▸ **GIVEN INFORMATION**
******

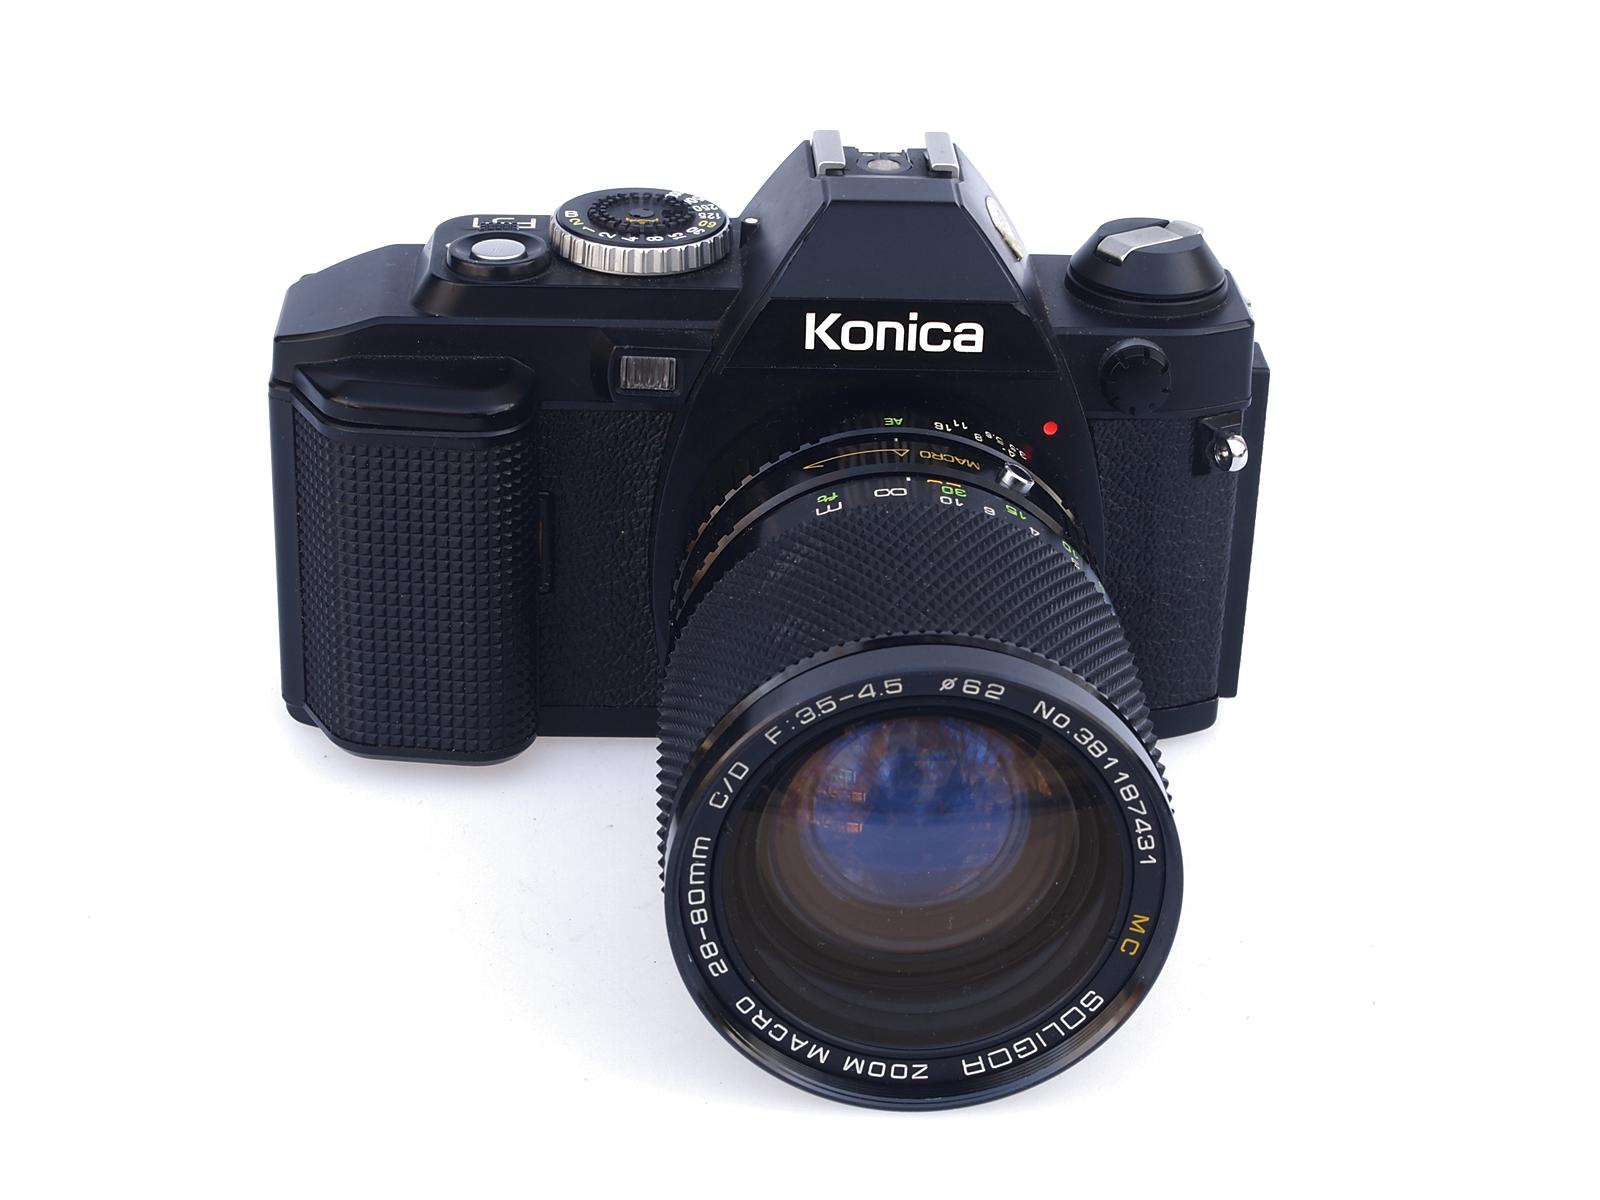 Konica FS-1 (Japan, 1979)
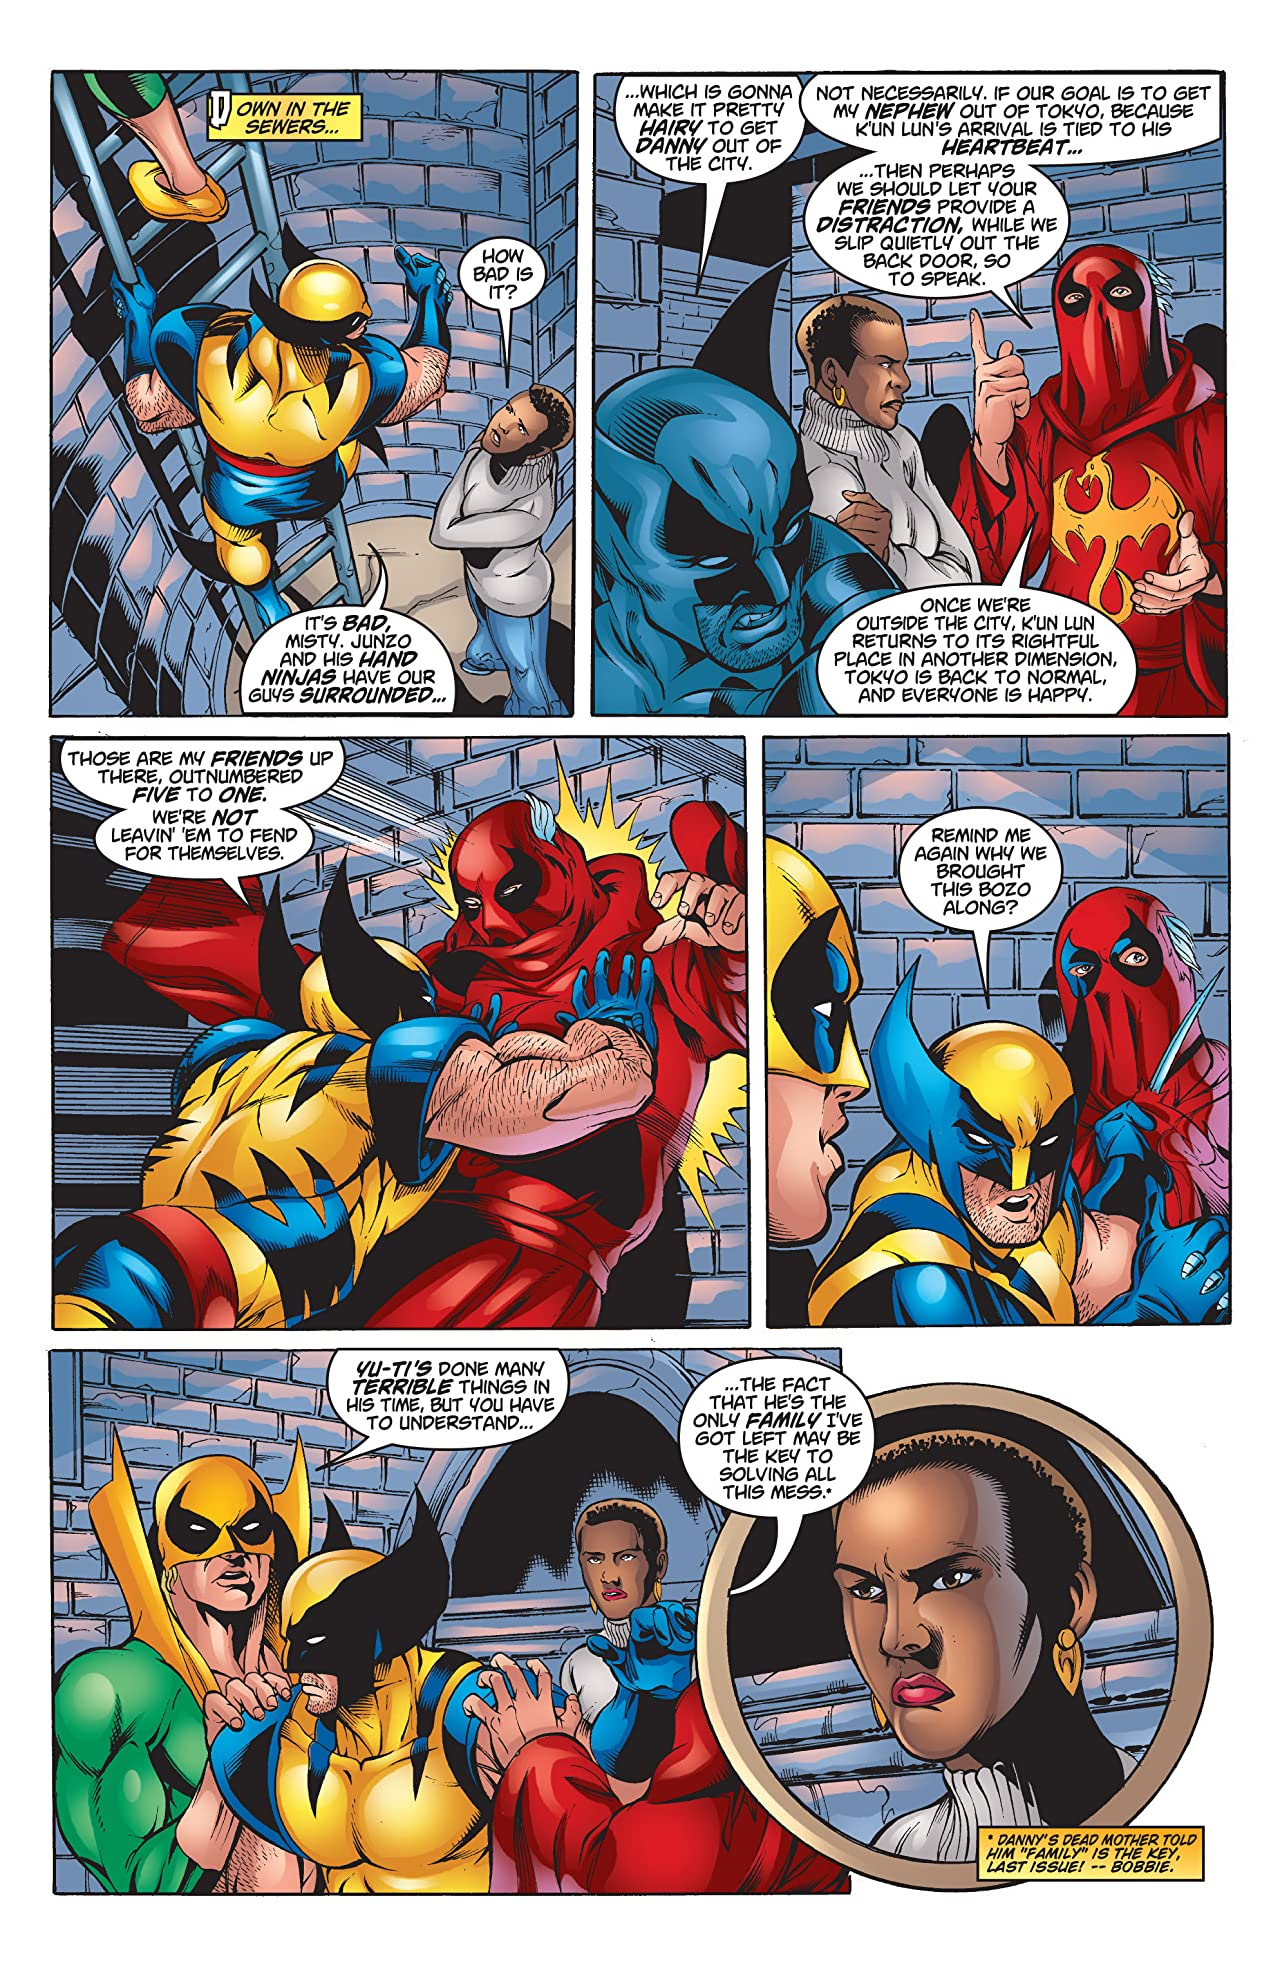 Iron Fist/Wolverine (2000-2001) #4 (of 4)
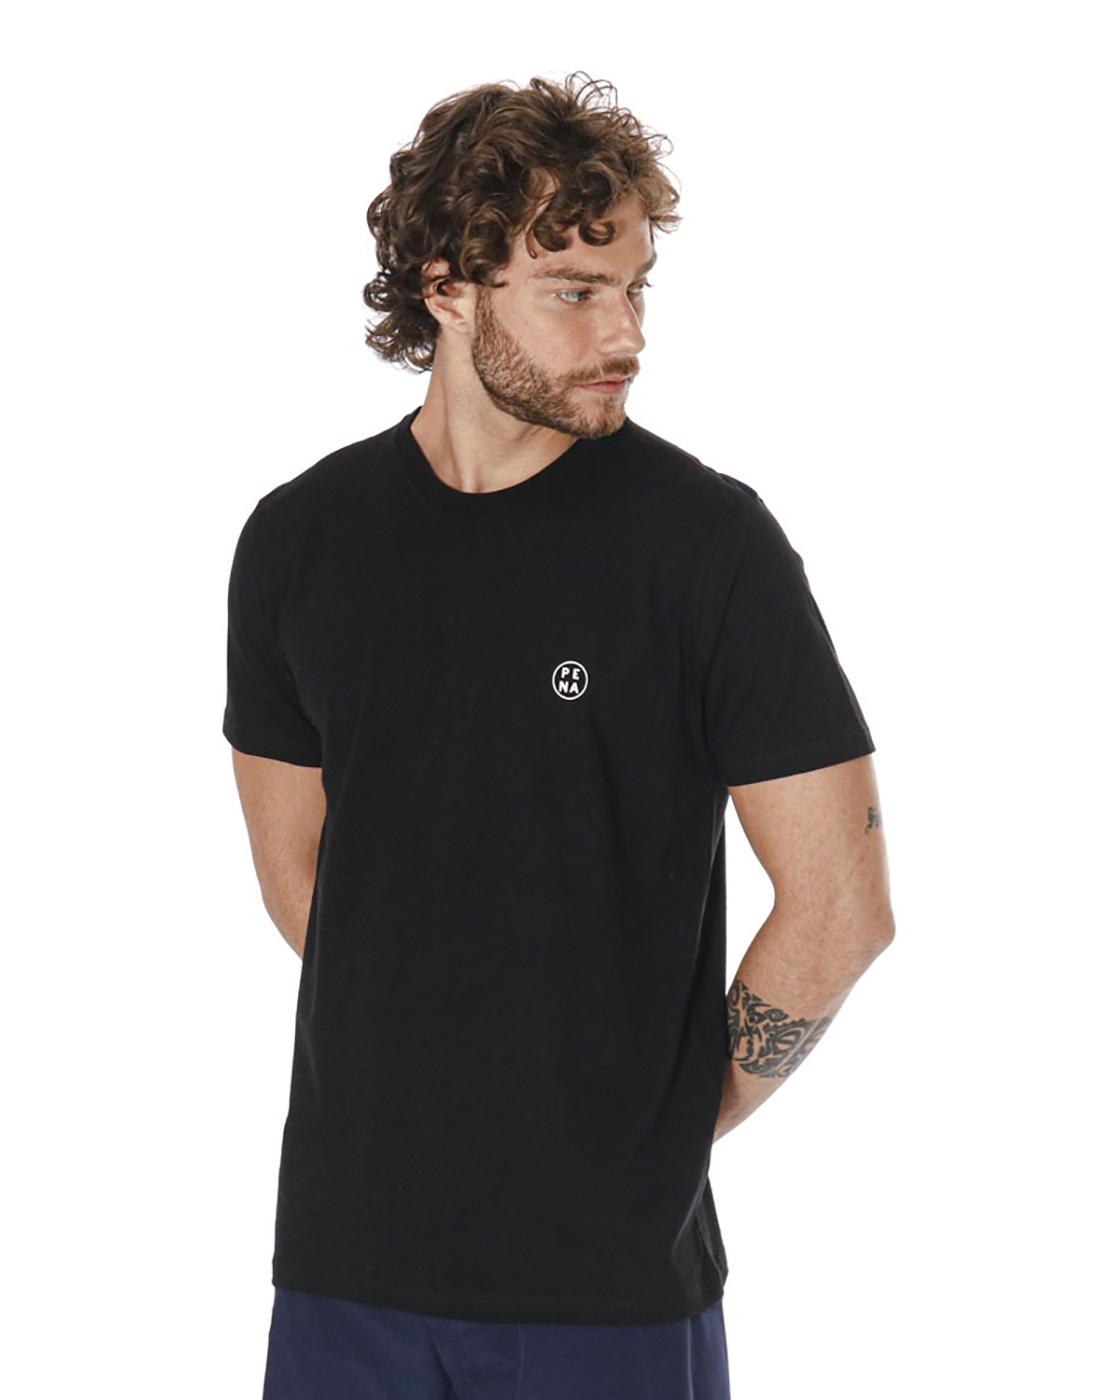 Camiseta Estampada Lion Of Judah Preto Pena

******

▸ **DIRECTIONS FOR THIS TASK**
Print the listing exactly, minus any pictures.

▸ **OUTPUT OF THE EXERCISE**
 Konica FS-1 (Japan, 1979)
 Iron Fist/Wolverine (2000-2001) #4 (of 4)
 Camiseta Estampada Lion Of Judah Preto Pena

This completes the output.